----- SOURCE MATERIAL

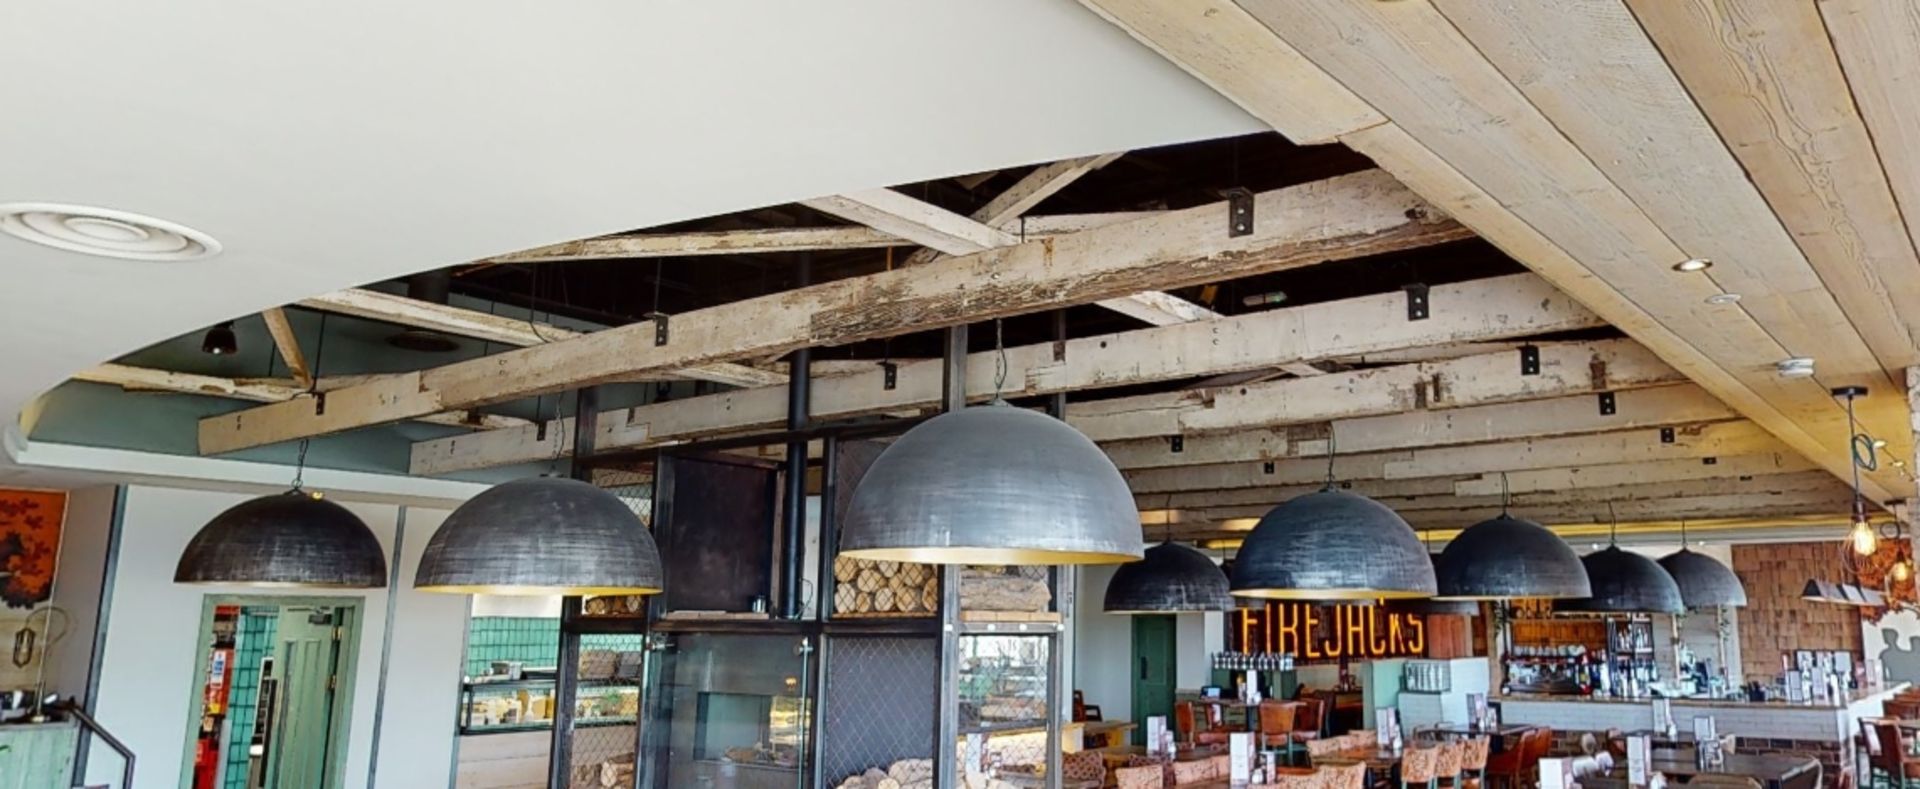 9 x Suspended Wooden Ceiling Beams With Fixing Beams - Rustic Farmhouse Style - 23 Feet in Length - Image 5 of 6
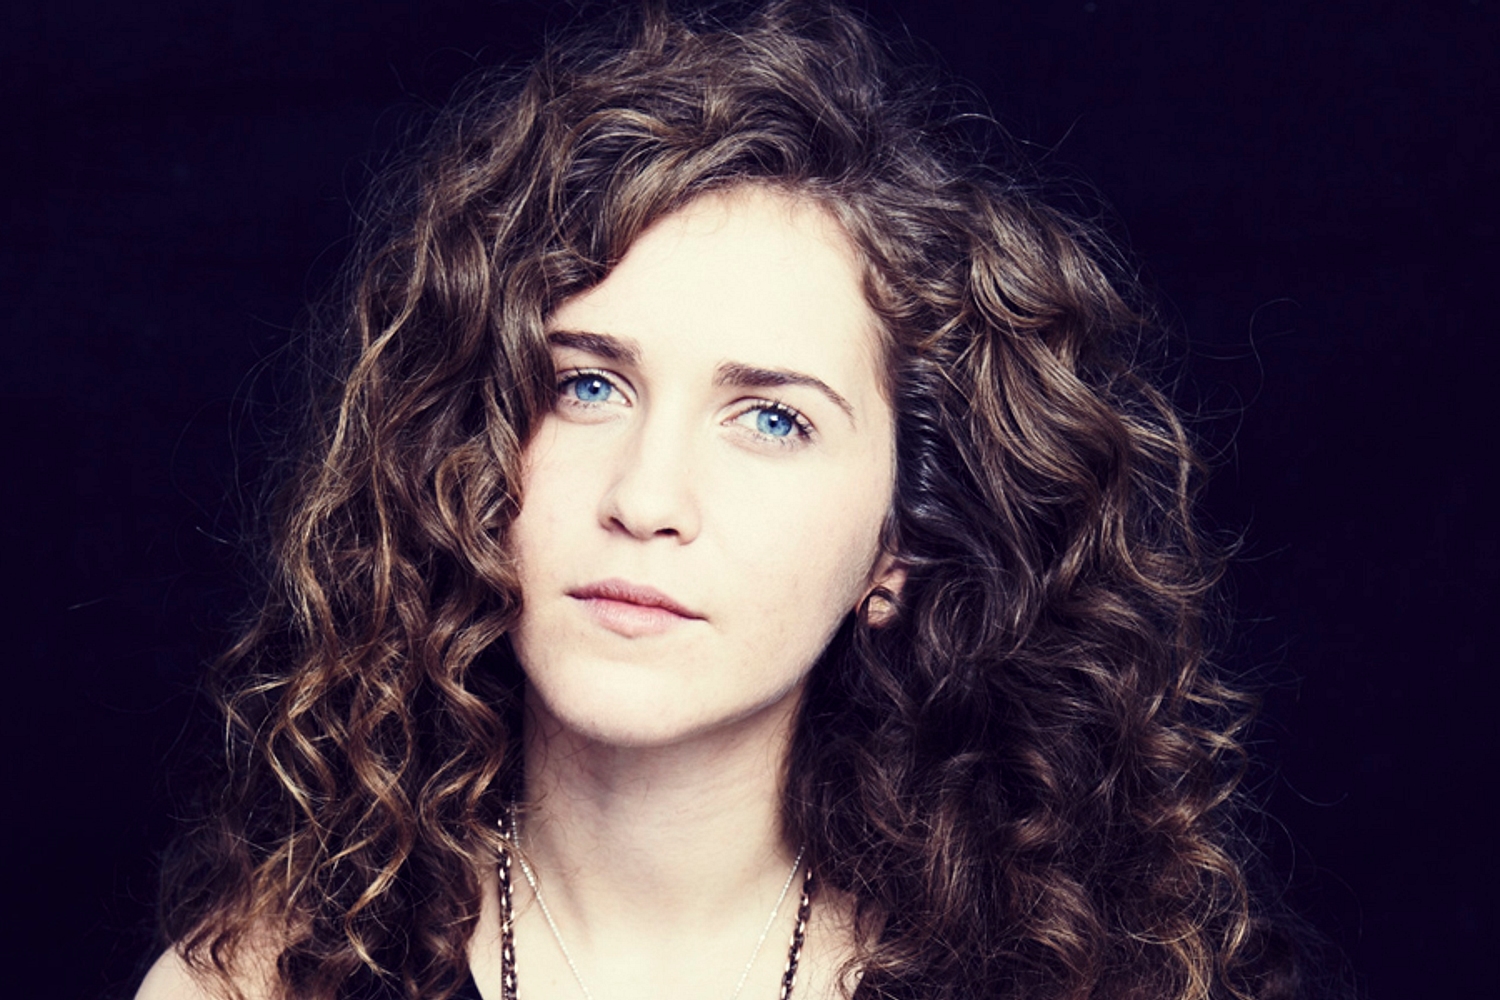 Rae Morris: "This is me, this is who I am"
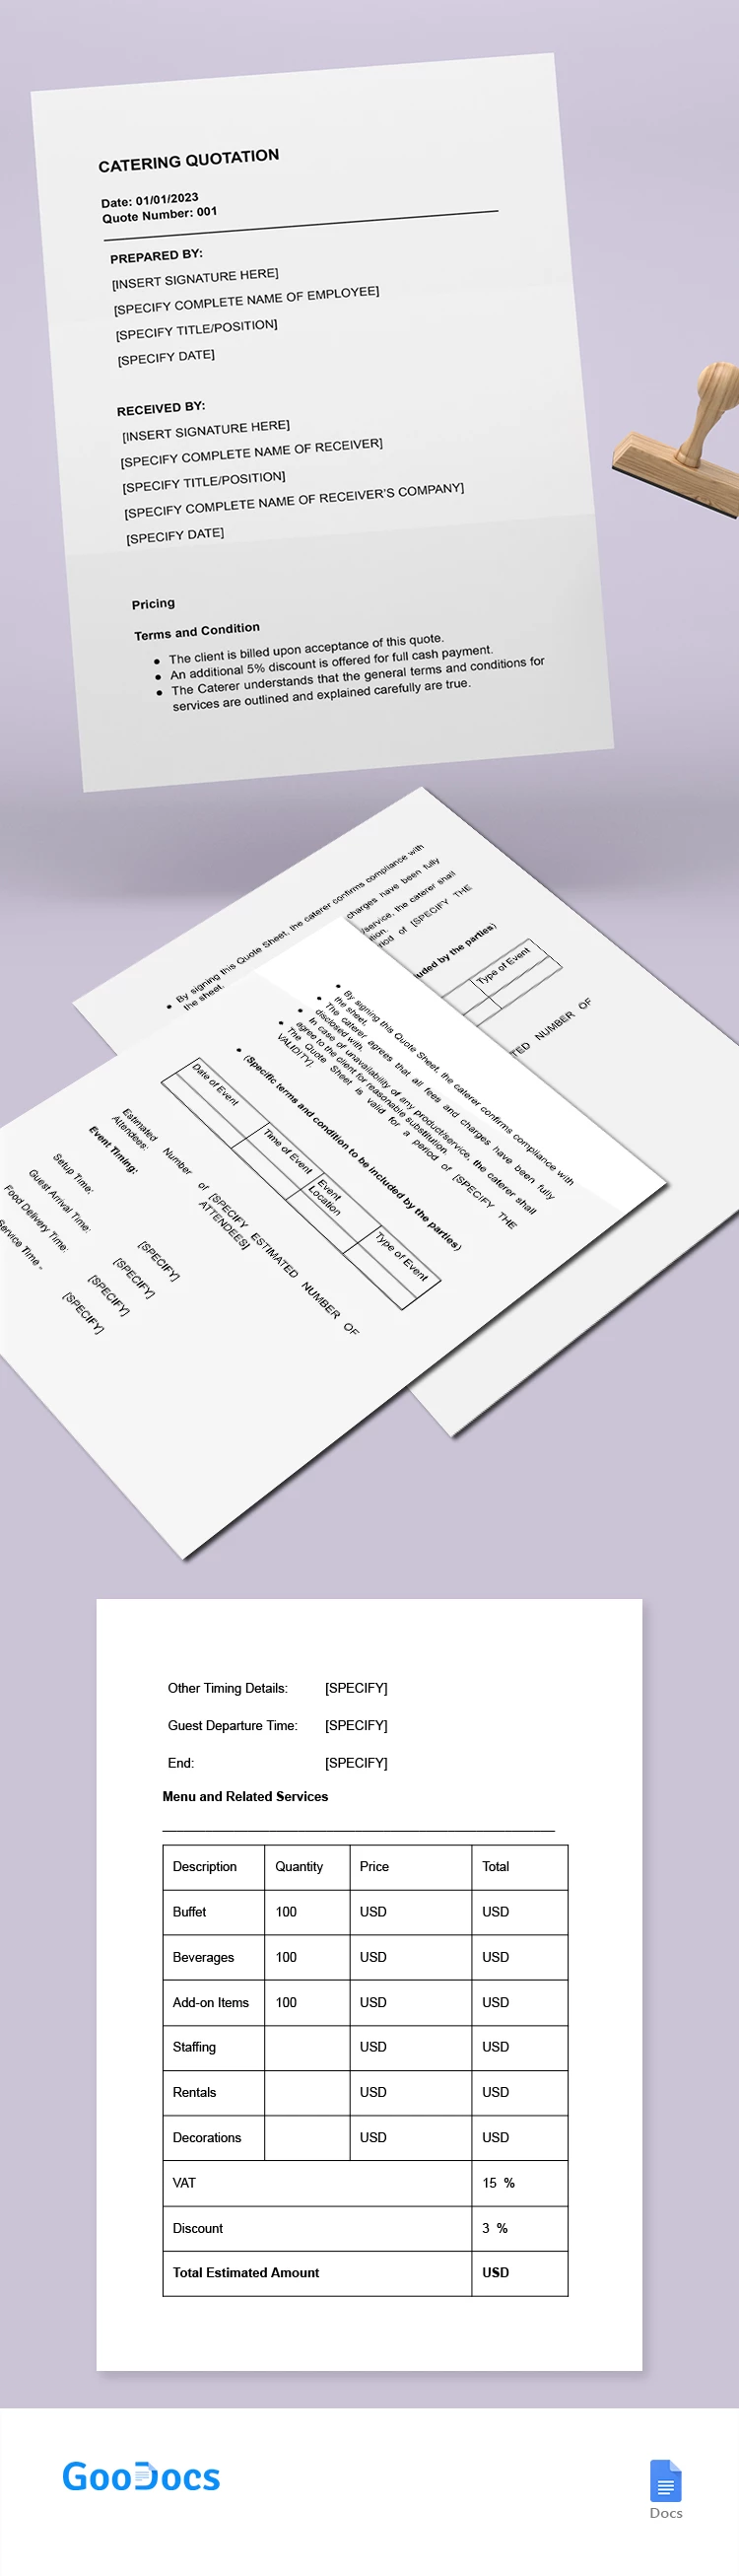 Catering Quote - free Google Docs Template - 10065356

----------

[WHAT NEEDS TO BE DONE] Could you print the listing above word for word, without its pictures?

[OUTPUT]
 9 x Suspended Wooden Ceiling Beams With Fixing Beams - Rustic Farmhouse Style - 23 Feet in Length - Image 5 of 6
 Rae Morris: "This is me, this is who I am"
 Catering Quote - free Google Docs Template - 10065356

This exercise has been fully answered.